Time complexity analysis for recursion inside recursion

Question

I am a little confused of the time complexity of the code below:

public int getHeight(TreeNode root) {
    if (root == null) return 0;
    return Math.max(getHeight(root.left), getHeight(root.right)) + 1;
}
public boolean isBalanced(TreeNode root) {
    if (root == null) return true;

    int heightDiff = getHeight(root.left) - getHeight(root.right);
    if (Math.abs(heightDiff) > 1) {
        return false;
    }
    else {
        return isBalanced(root.left) && isBalanced(root.right);
    }
}

I calculate the time as: T(n) = 2 * T(n / 2) + n, which gives me O(n * log(n)). But in the book, it says the time complexity is O(n ^ 2). Can anyone tell where my calculation is wrong? Thanks!

Answer 1

Your recurrence assumes that the tree is balanced, which would make isBalanced O(n lg n).
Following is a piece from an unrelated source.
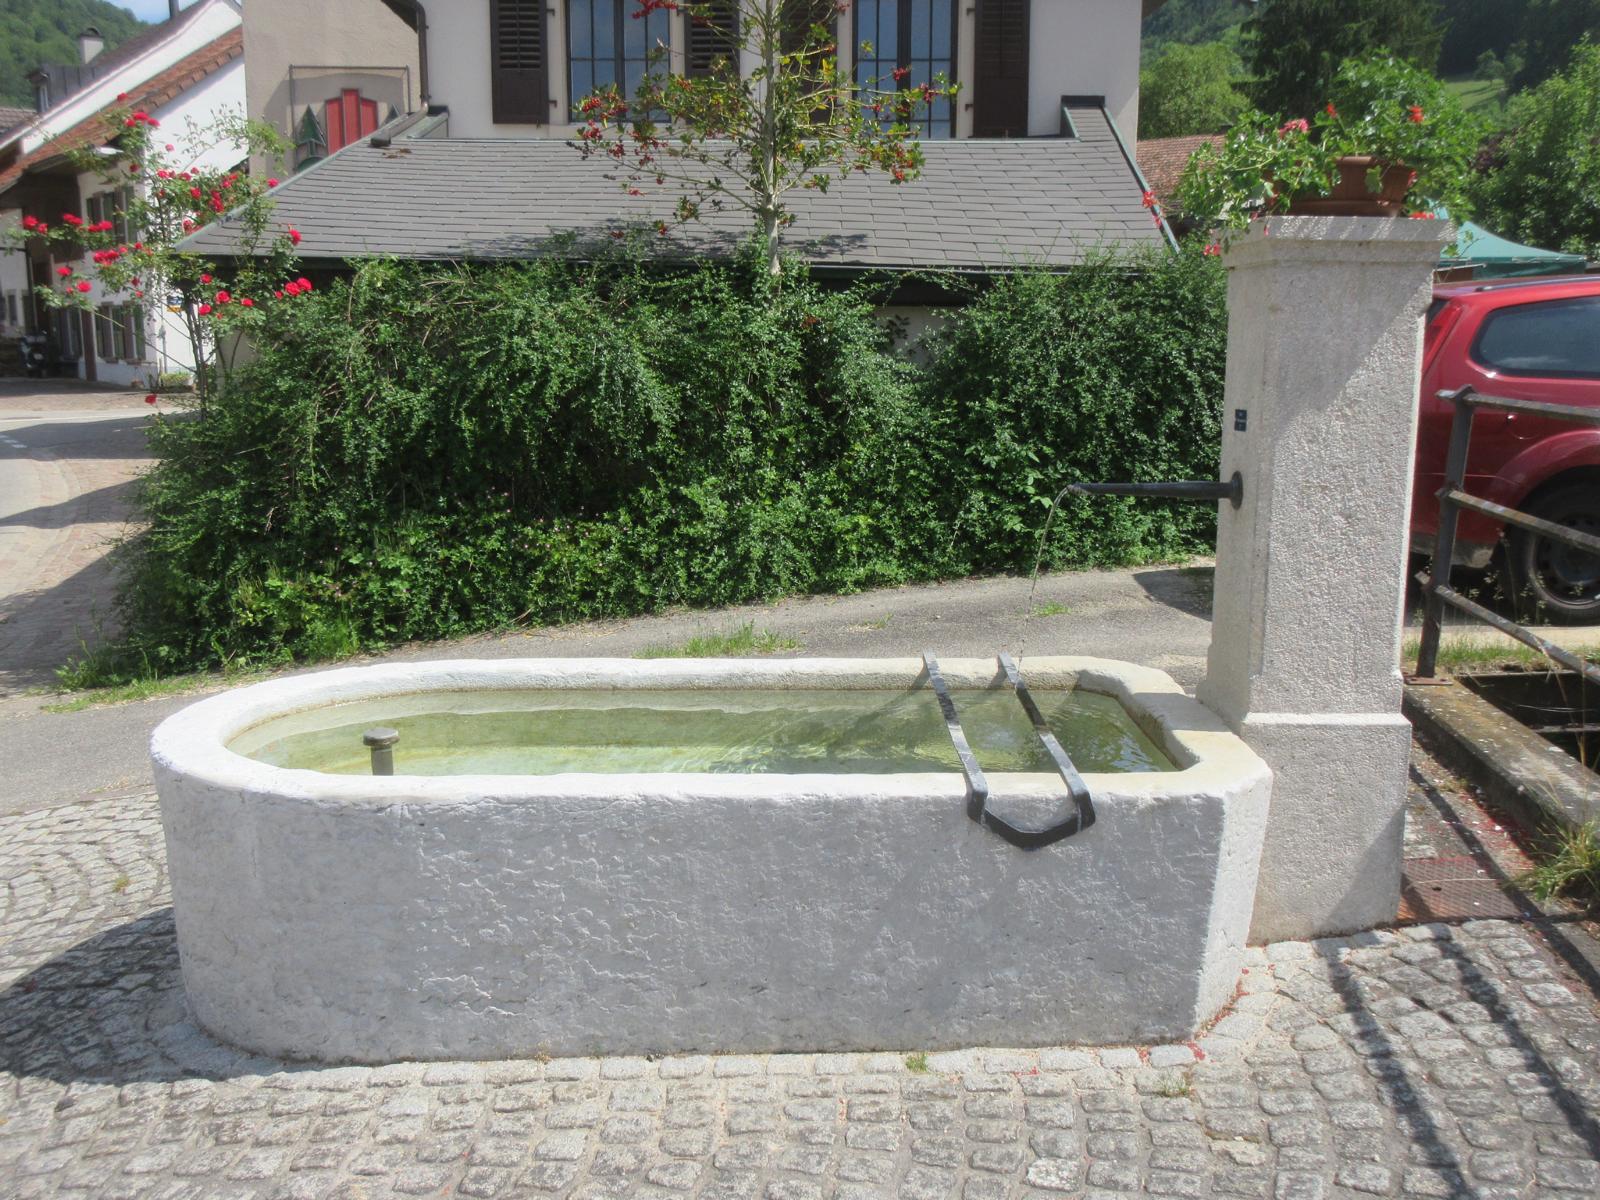 Rössligasse *** o.J. (19. Jh.); restauriert 2018 *** Jurakalk; monolithisches Becken 250 x 128 cm *** Kunststein *** "Kein Trinkwasser", Brunnen Nr. 7

It appears the book does not make that assumption, so isBalanced becomes O(n²). In the worst case, each internal node could have only one child (such a tree is sometimes called a vine, since it doesn't really branch at all).

For example, here is a worst-case input:

    1
     \
      \
       2
      /
     /
    3
   /
  /
 4
  \
   \
    5